## Assignment
Everything in the listing should be copied exactly, save for the pictures.

## Data block
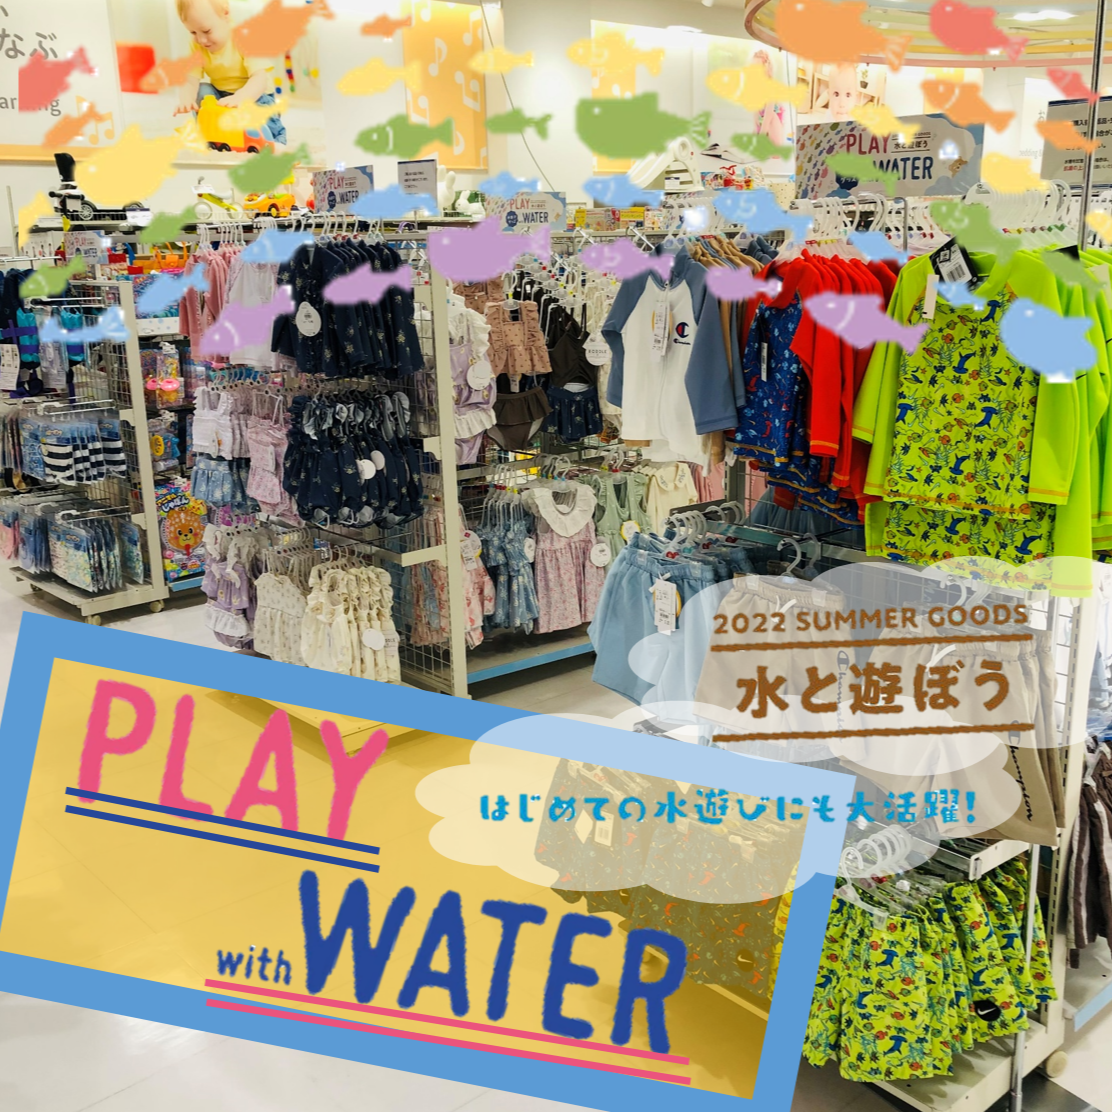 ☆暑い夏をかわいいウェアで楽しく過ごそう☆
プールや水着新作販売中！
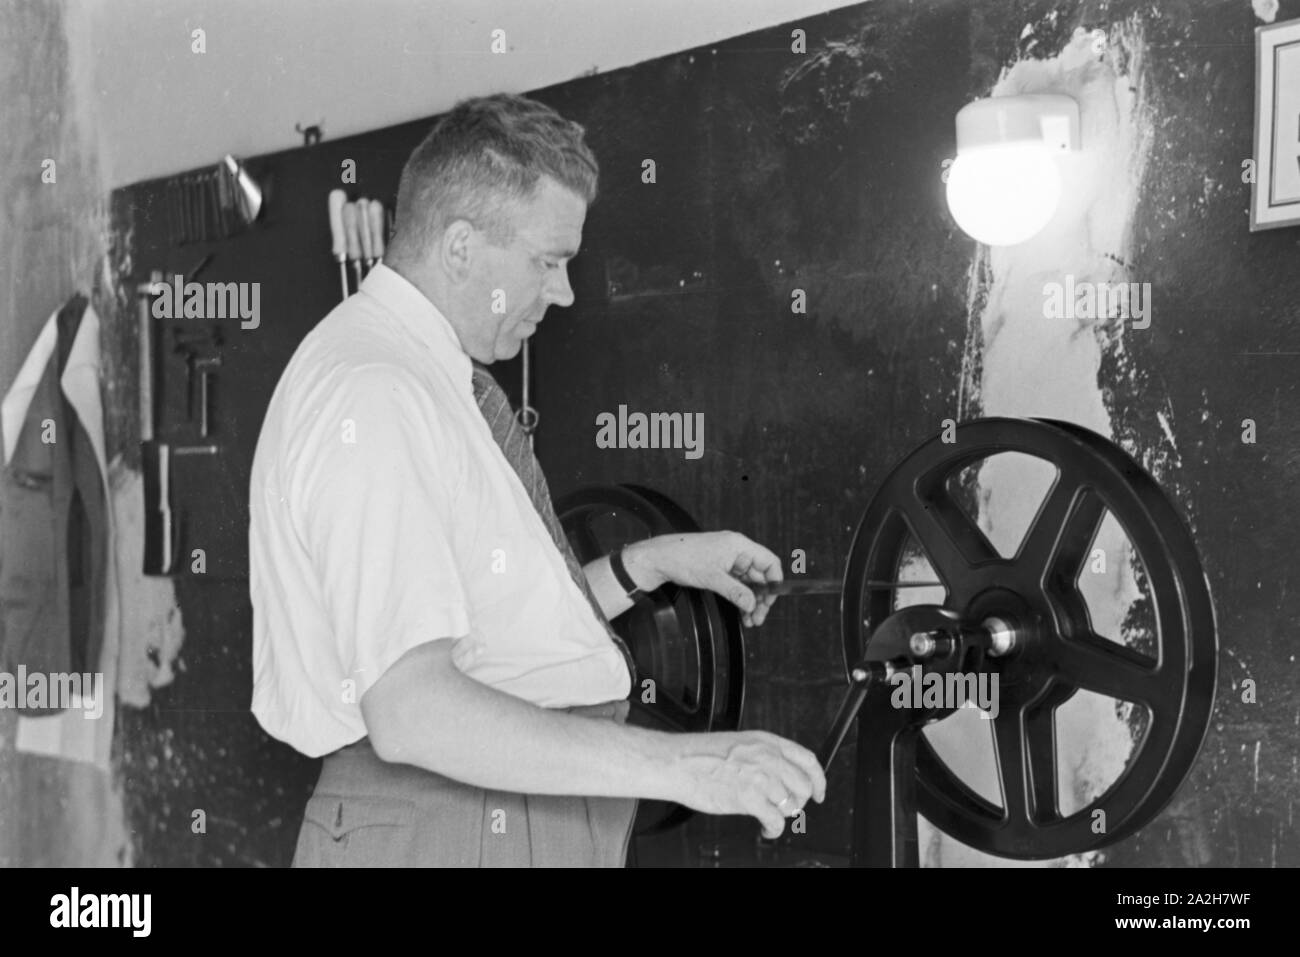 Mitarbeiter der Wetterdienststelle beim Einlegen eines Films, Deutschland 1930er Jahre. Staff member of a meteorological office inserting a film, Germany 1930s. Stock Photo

## Answer section
 ☆暑い夏をかわいいウェアで楽しく過ごそう☆
プールや水着新作販売中！
 Mitarbeiter der Wetterdienststelle beim Einlegen eines Films, Deutschland 1930er Jahre. Staff member of a meteorological office inserting a film, Germany 1930s. Stock Photo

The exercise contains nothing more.